Populating the interactive namespace from numpy and matplotlib


**Загрузка данных из базы**

In [None]:
# %%time
# db_connection = MySQLdb.connect(host="194.247.15.117", 
#                      port=7806,
#                      user="bar",
#                      passwd="PASSWORD",
#                      db="Inventory")

# data = pd.read_sql('SELECT * FROM Inventory.vTotalPassengers_v2', con=db_connection)
# db_connection.close()

# print(len(data))

**Загрузка данных с локального хранилища**

In [None]:
# data.to_csv('data.csv', sep=';')

In [2]:
data = pd.read_csv('../data/data.csv', sep=';')
data.drop('Unnamed: 0', inplace=True, axis = 1)

**Смотрим на данные**

In [None]:
bdata = data.copy()

In [None]:
# сортируем по рейсу, дате
data.sort_values(by=['FlightID', 'DptDt'], inplace=True)

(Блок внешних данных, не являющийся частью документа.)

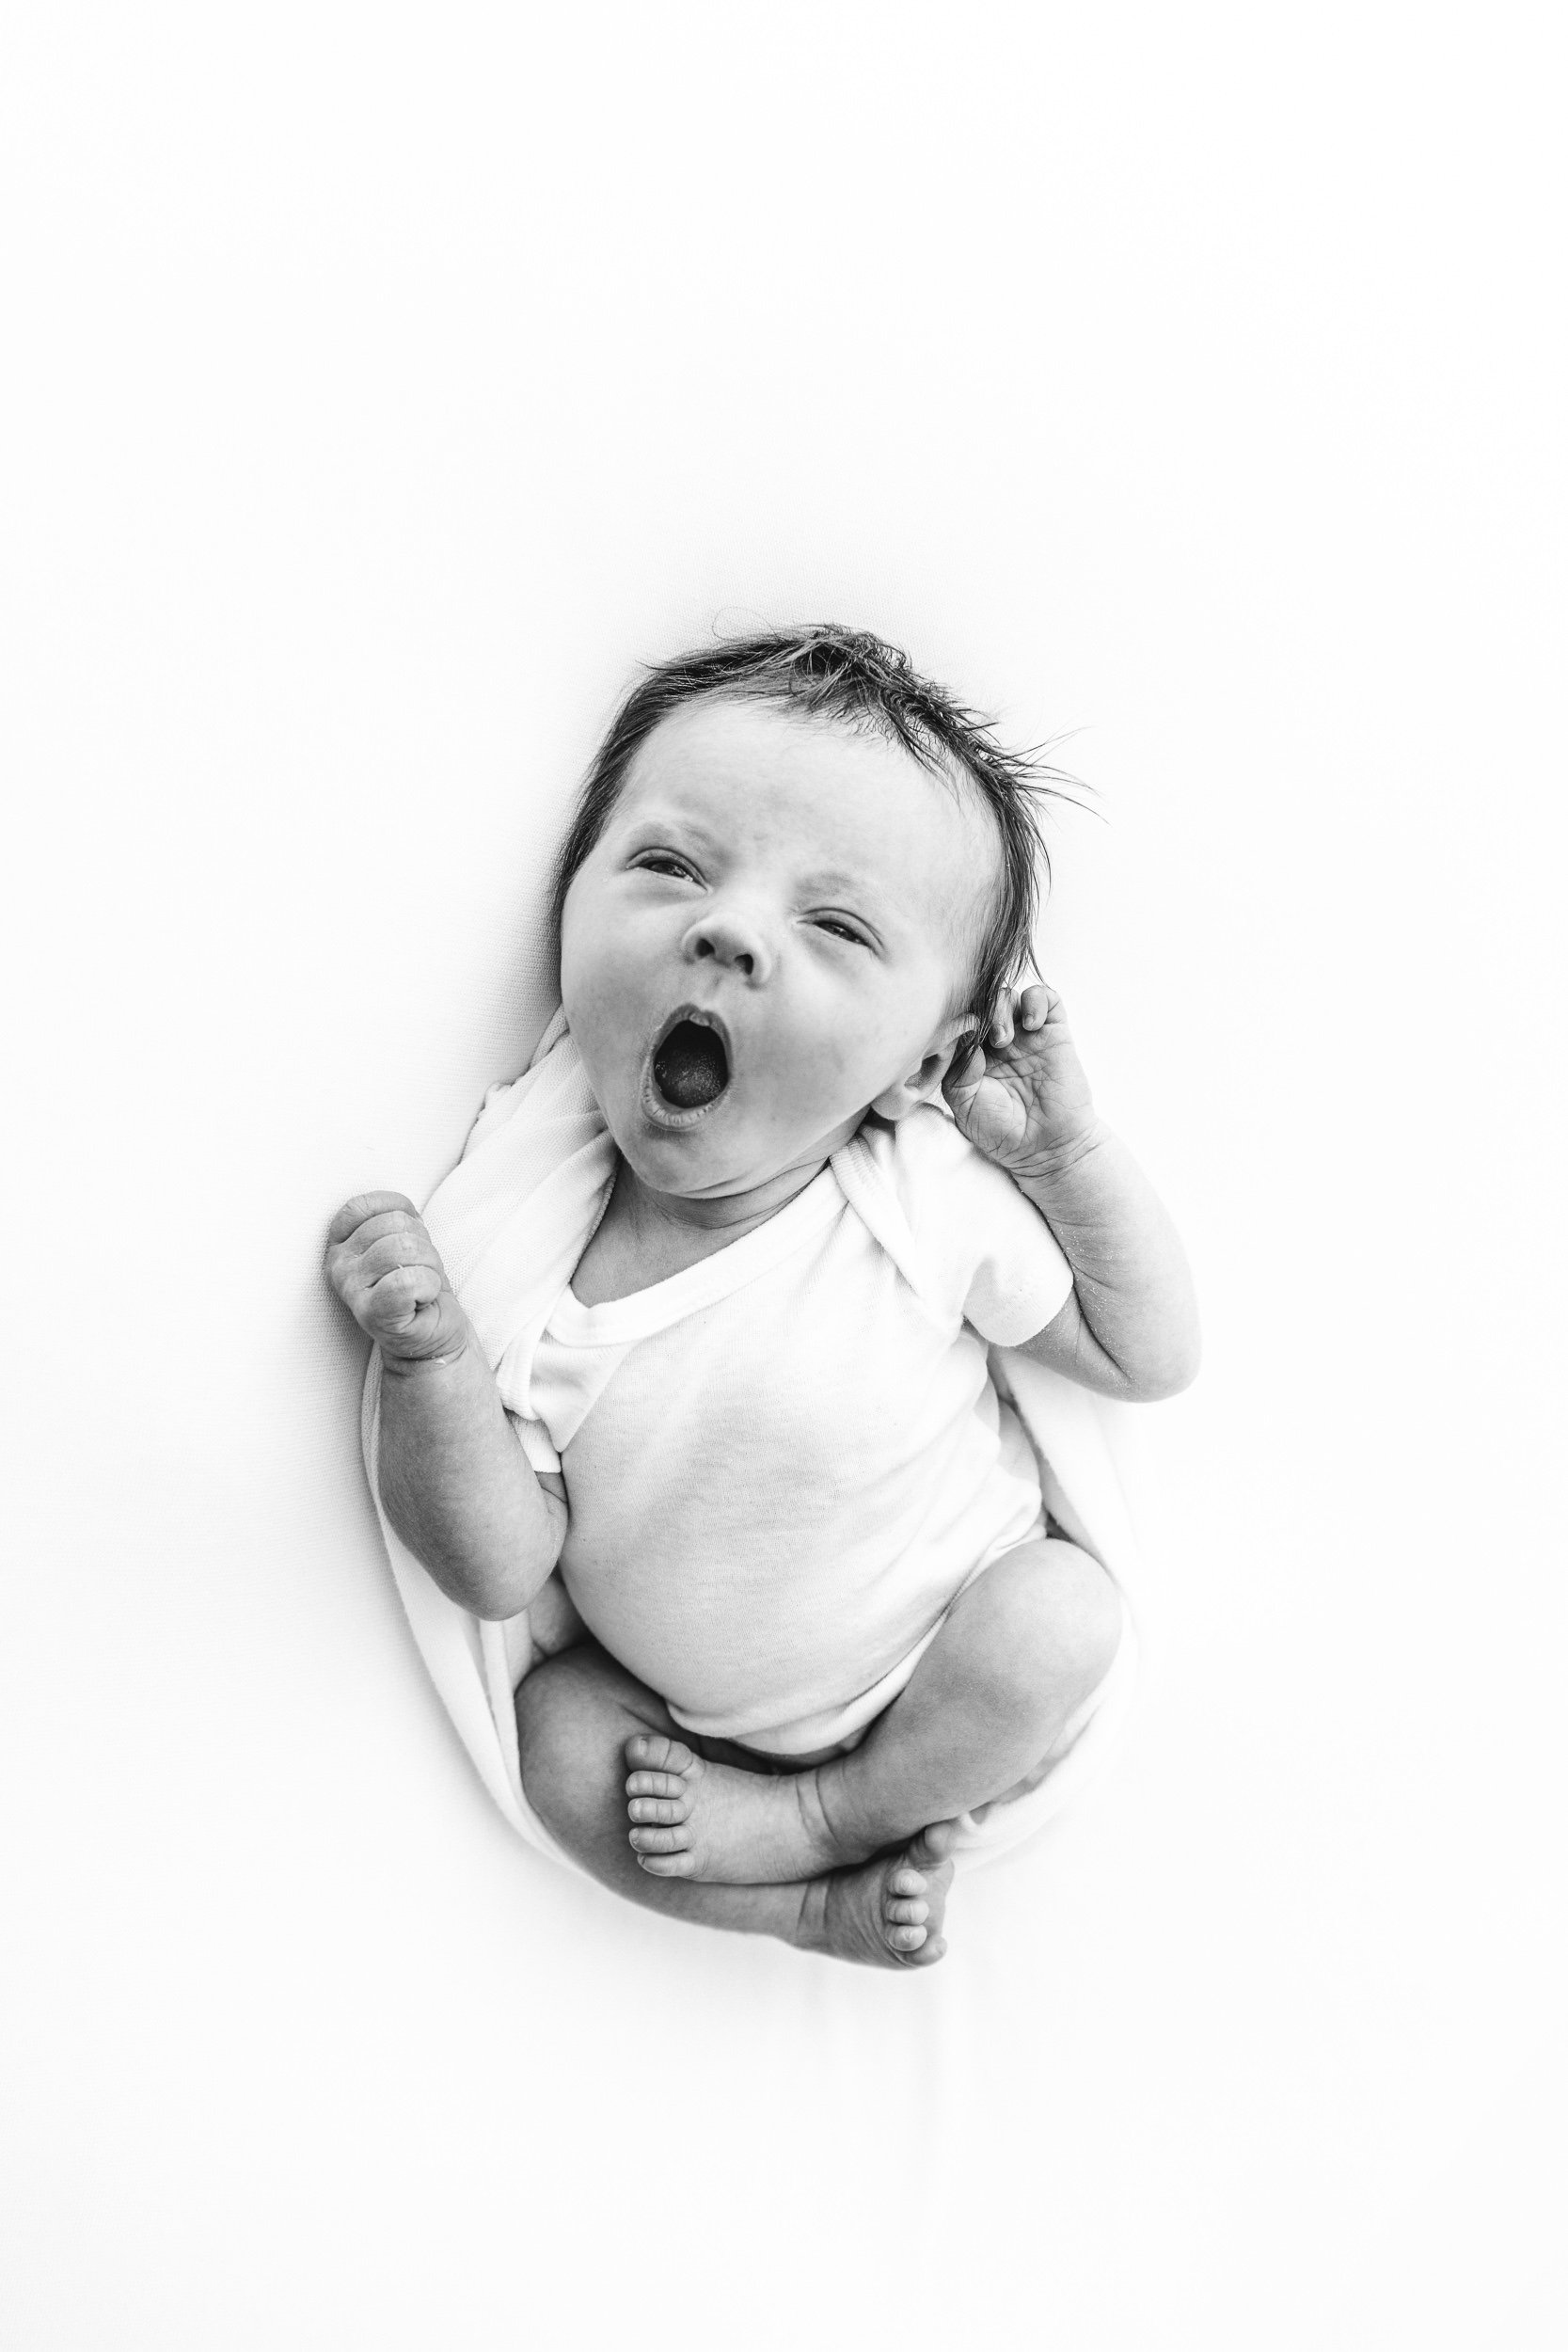  A baby girl yawns during a newborn session in the New Jersey area by Nicole Hawkins Photography. yawning baby with hair #NicoleHawkinsPhotography #NicoleHawkinsNewborns #StudioPhotography #NewYorkPhotographer #NJphotographers #newborn

# удалим неполные прогнозы
data = data[data['reportDt'] >= data['fltNrDptDt']]

In [None]:
data.info()

In [None]:
data['resHoldTotal'].hist()

In [None]:
data

In [None]:
# 3 сигмы для поездов 
df = data.groupby(['FlightID'], as_index = False)['resHoldTotal'].sum()
sigma3 = np.mean(df['resHoldTotal']) + 3 * np.std(df['resHoldTotal'])
sigma2m = np.mean(df['resHoldTotal']) - 2 * np.std(df['resHoldTotal'])

data[~data.FlightID.isin(df[(df.resHoldTotal > sigma3) | (df.resHoldTotal < sigma3m)].FlightID.values)]

In [None]:
np.mean(df['resHoldTotal']), np.std(df['resHoldTotal'])

In [None]:
np.mean(df['resHoldTotal']) - np.std(df['resHoldTotal']), np.mean(df['resHoldTotal']) + 2 * np.std(df['resHoldTotal'])

In [None]:
data['resHoldTotal'].value_counts()

In [None]:
data.groupby(['FlightID', 'reportDt', 'fltNrDptDt'], as_index = False)['resHoldTotal', 'seatsAvail', 'authLevel'].sum().sort_values(['resHoldTotal', 'FlightID']).head(50)

In [None]:
data[data.FlightID.isin(df[df['resHoldTotal'] == 0]['FlightID'].unique())].sort_values(['FlightID', 'DptDt'])#.to_csv('flights_with_zero_ResHoldTotal.csv', sep=';')

**Предобработка данных**

In [None]:
# номер недели
def week_of_month(dt):
    first_day = dt.replace(day=1)
    dom = dt.day
    adjusted_dom = dom + first_day.weekday()
    return int(ceil(adjusted_dom/7.0))

In [None]:
segment_dict= {}
flightNrSf_dict= {}
code_dict= {}
segment_dict2= {}

def prepareData(data):
    # сортируем по рейсу, дате
    data.sort_values(by=['FlightID', 'DptDt'], inplace=True)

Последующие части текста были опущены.